I have done the following
Accessing an existing App Engine Datastore from another platform (https://cloud.google.com/datastore/docs/activate) - permissions with service account + private key
Installed the Python SDK - confirmed SDK files are files are in
/usr/local/lib/python2.7/site-packages/google_appengine
/usr/local/google_appengine/google/appengine/*** (api,base,client,datastore,...,ext,etc.)
Running a print sys.path shows (among other paths)
/usr/local/Cellar/python/2.7.8_1/Frameworks/Python.framework/Versions/2.7/lib/python2.7/site-packages/google_appengine,
/usr/local/Cellar/python/2.7.8_1/Frameworks/Python.framework/Versions/2.7/lib/python2.7/site-packages/gtk-2.0', '/Library/Python/2.7/site-packages,
/usr/local/lib/python2.7/site-packages,
/usr/local/lib/python2.7/site-packages/google_appengine, /usr/local/lib/python2.7/site-packages/gtk-2.0
Did the export
export DATASTORE_SERVICE_ACCOUNT=...
export DATASTORE_PRIVATE_KEY_FILE=... (full path to .p12 file)
export DATASTORE_DATASET=...
export PYTHONPATH="$PYTHONPATH:/usr/local/google_appengine"

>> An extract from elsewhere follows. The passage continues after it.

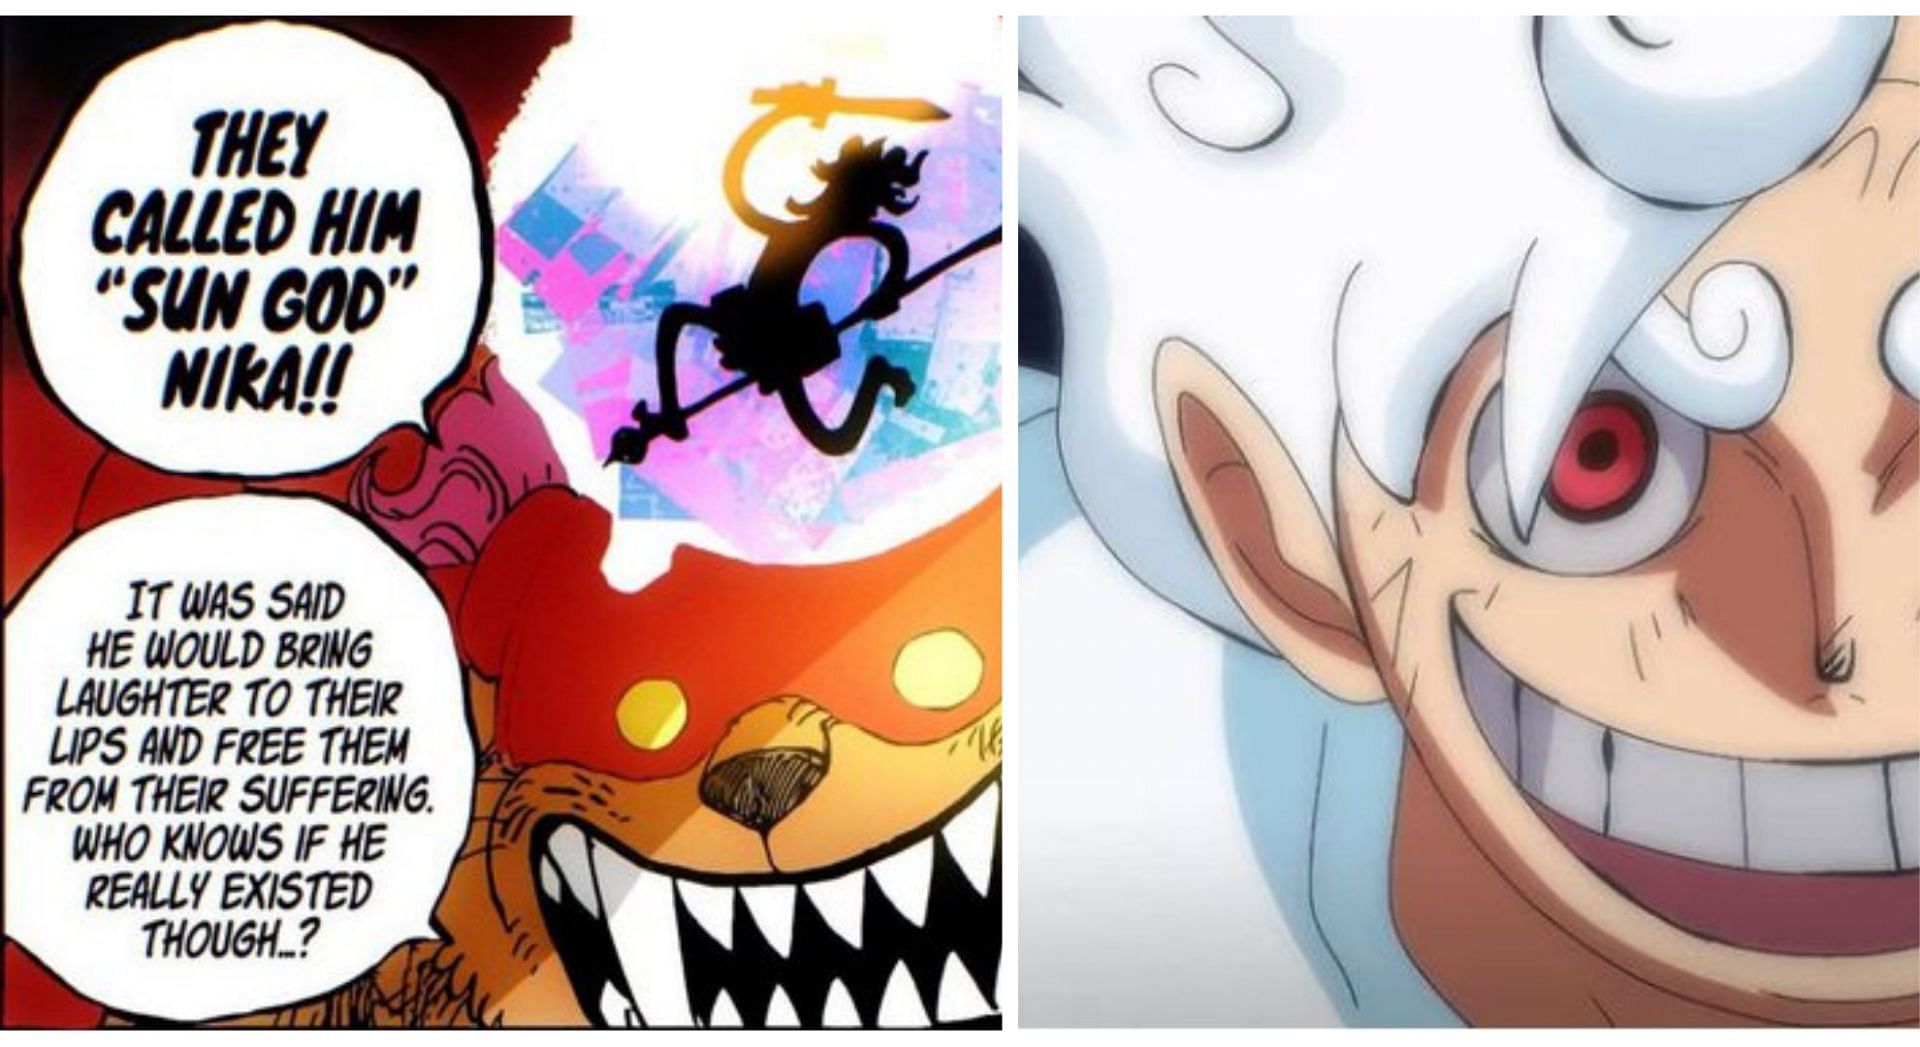 10 shonen anime characters like Makima from Chainsaw man who reincarnated

Ran the example adams.py file
Created a new entity called "Trivia" with name= hgtg, answer=42 as a record in PROD
However, running a standalone script
from appengine.ext.db import GqlQuery (or from google.appengine.ext.db import GqlQuery)
gives me ImportError:
No module named appengine.ext.db
I then tried to use a local GAE instance but can't figure out how to connect the PROD GAE database instance.
===
The existing GAE application us using the Datastore (Java) in PRODUCTION. In the Developer Console (https://console.developers.google.com/project), this would be under Storage > Cloud Datastore > Query where I would see the "Entities" (or kind). Obviously, there is a fairly limited amount of things you can do here and I don't really want to touch PRODUCTION code to run a query.
Thanks,
Chris